Kokoro TTS — Android
Kokoro-82M is a lightweight, non-autoregressive text-to-speech model running on Android via ONNX Runtime. It produces natural 24 kHz speech with 50 preset voices across 7 languages.
Supported Languages
| Language | Code | Example Voices |
|---|---|---|
| English (US) | en | af_heart, am_adam, af_sky |
| English (UK) | en | bf_emma, bm_george |
| Spanish | es | ef_dora |
| French | fr | ff_siwis |
| Hindi | hi | hf_alpha, hm_omega |
| Italian | it | if_sara |
| Japanese | ja | jf_alpha, jm_omega |
| Portuguese | pt | pf_dora |
| Chinese | zh | zf_xiaobei, zm_yunjian |
50 preset voices total. Voice naming convention: [language][gender]_[name] — e.g., af_heart = American Female "Heart".
Model Files
| File | Size |
|---|---|
kokoro-model-int8.onnx | ~89 MB |
voices.bin | Voice embeddings |
| Phoneme dictionaries | Language-specific pronunciation data |
HuggingFace: aufklarer/Kokoro-82M-ONNX
Performance
| Metric | Value |
|---|---|
| Parameters | 82M |
| Inference backend | ONNX Runtime |
| Output sample rate | 24 kHz |
Phonemizer
Text is converted to phoneme tokens using a dictionary-based phonemizer with language-specific support. The Android implementation includes phonemizers for English, French, Spanish, Italian, Portuguese, Hindi, Japanese, and Chinese.
Pipeline Integration
On Android, Kokoro TTS is part of the SpeechPipeline. After STT transcribes speech, the text is phonemized and synthesized back into audio. The pipeline manages the full VAD → STT → TTS flow automatically.

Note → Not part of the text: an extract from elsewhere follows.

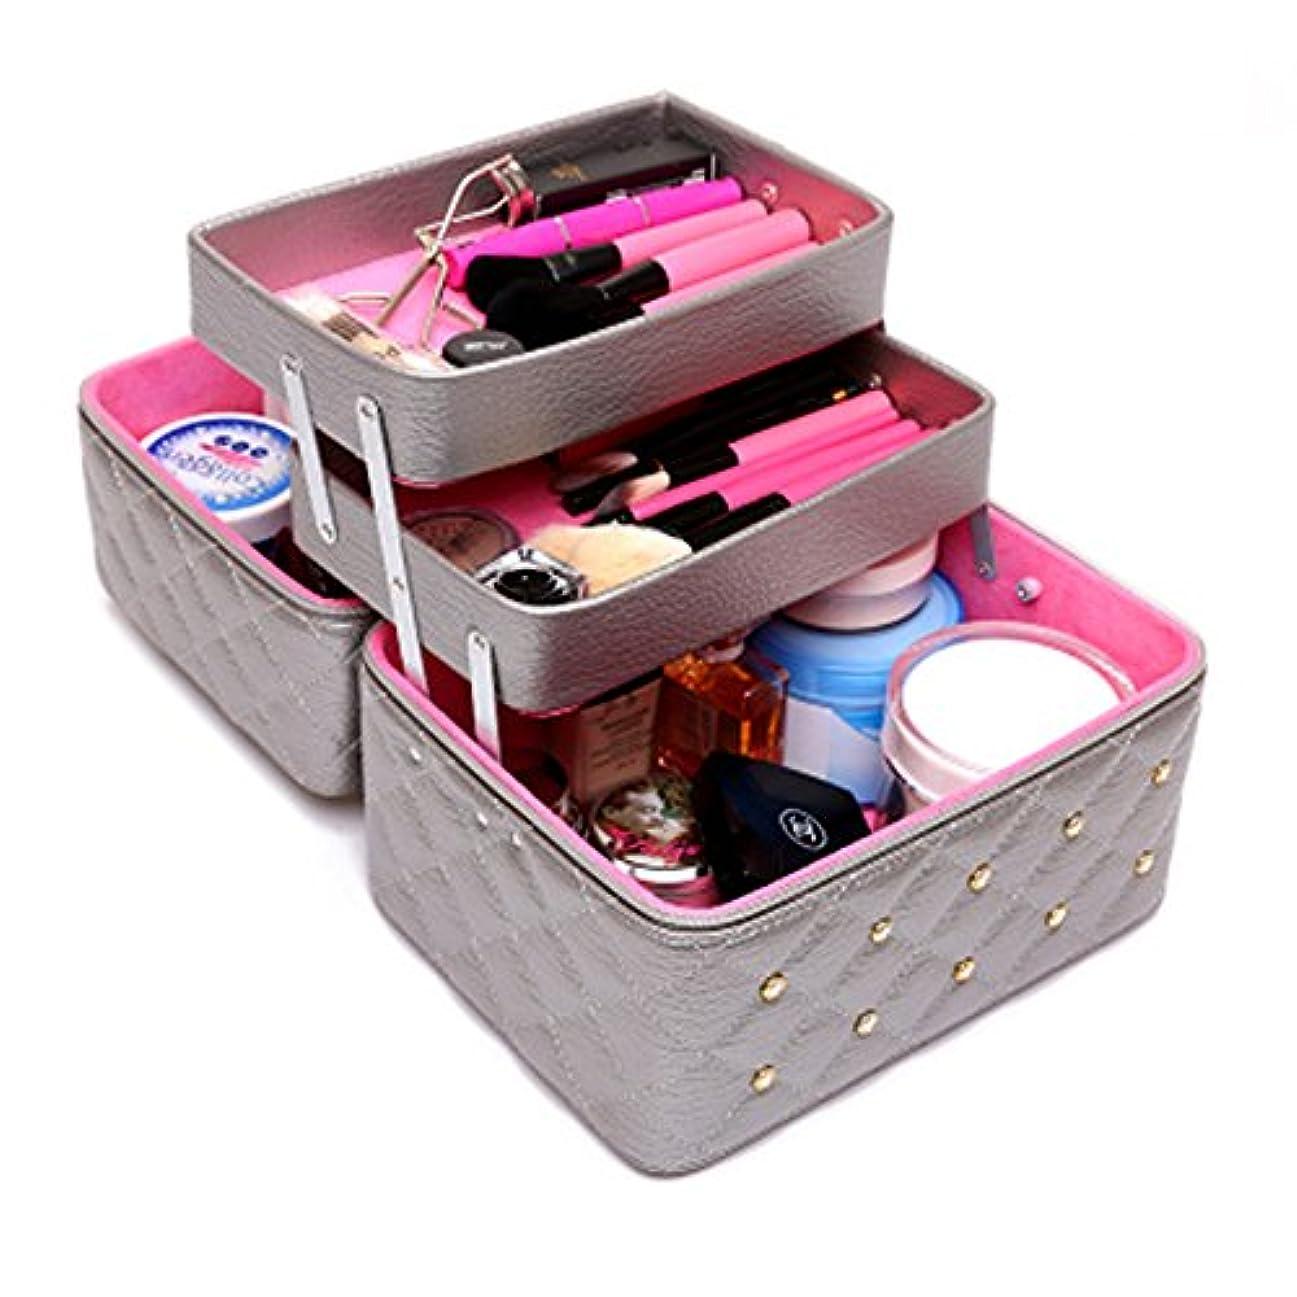 スタッフ毒液影響を受けやすいですFYX メイクボックス コスメボックス 大容量 化粧品収納ボックス 収納ケース 小物入れ 大容量 取っ手付 (グレー)
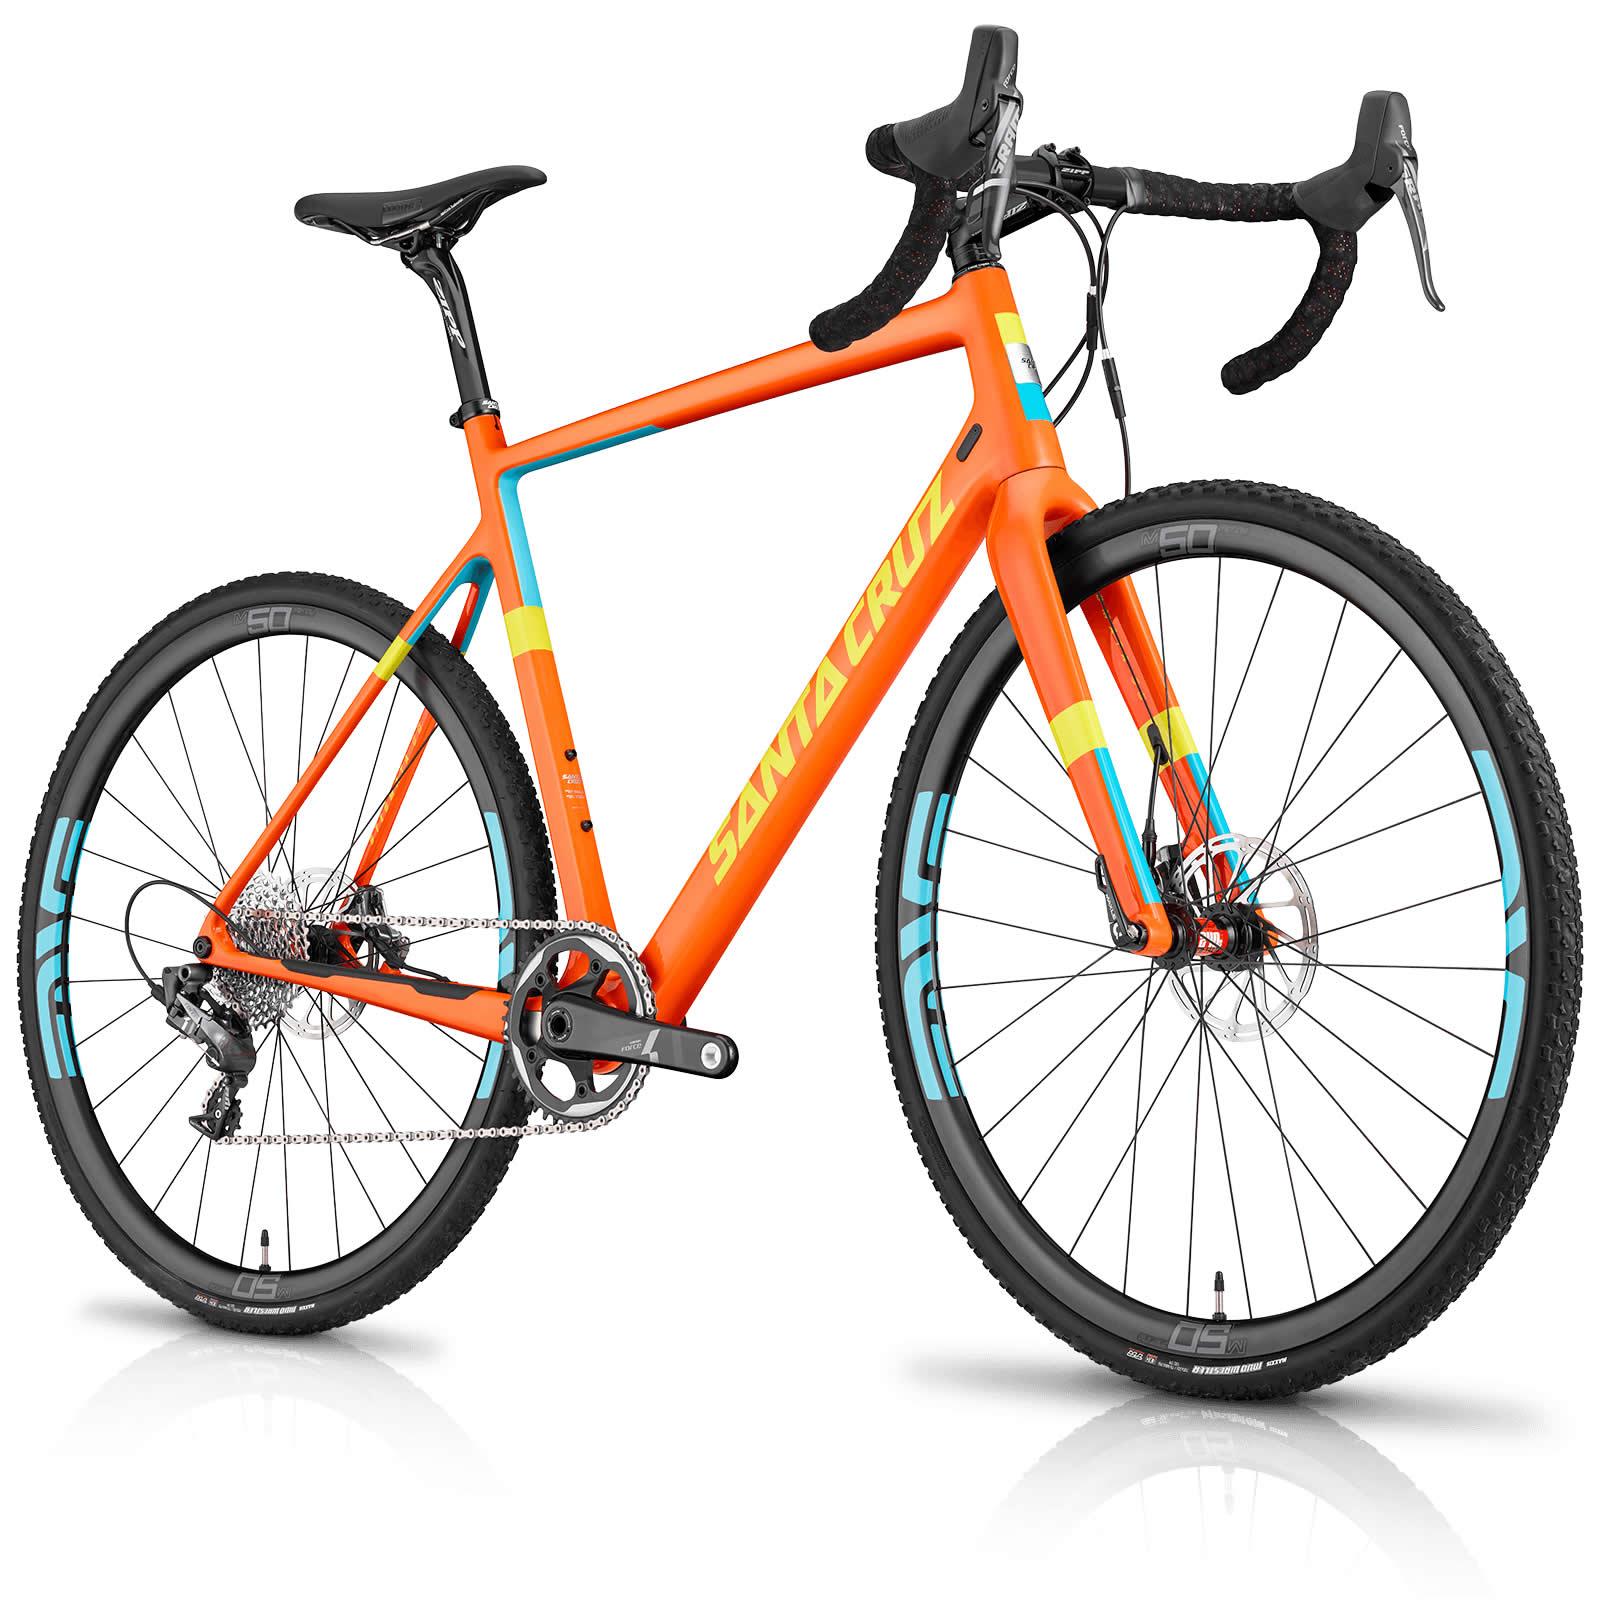 Santa Cruz Stigmata Cross/Gravel Road Bike - KOMBIKES

val modelDir = ModelManager.ensureModels(context)
val pipeline = SpeechPipeline(SpeechConfig(modelDir = modelDir))
pipeline.events.collect { event ->
when (event) {
is SpeechEvent.TranscriptionCompleted -> println(event.text)
else -> {}
}
}
pipeline.start()
pipeline.pushAudio(samples) // 16kHz mono float32
Source code: github.com/soniqo/speech-android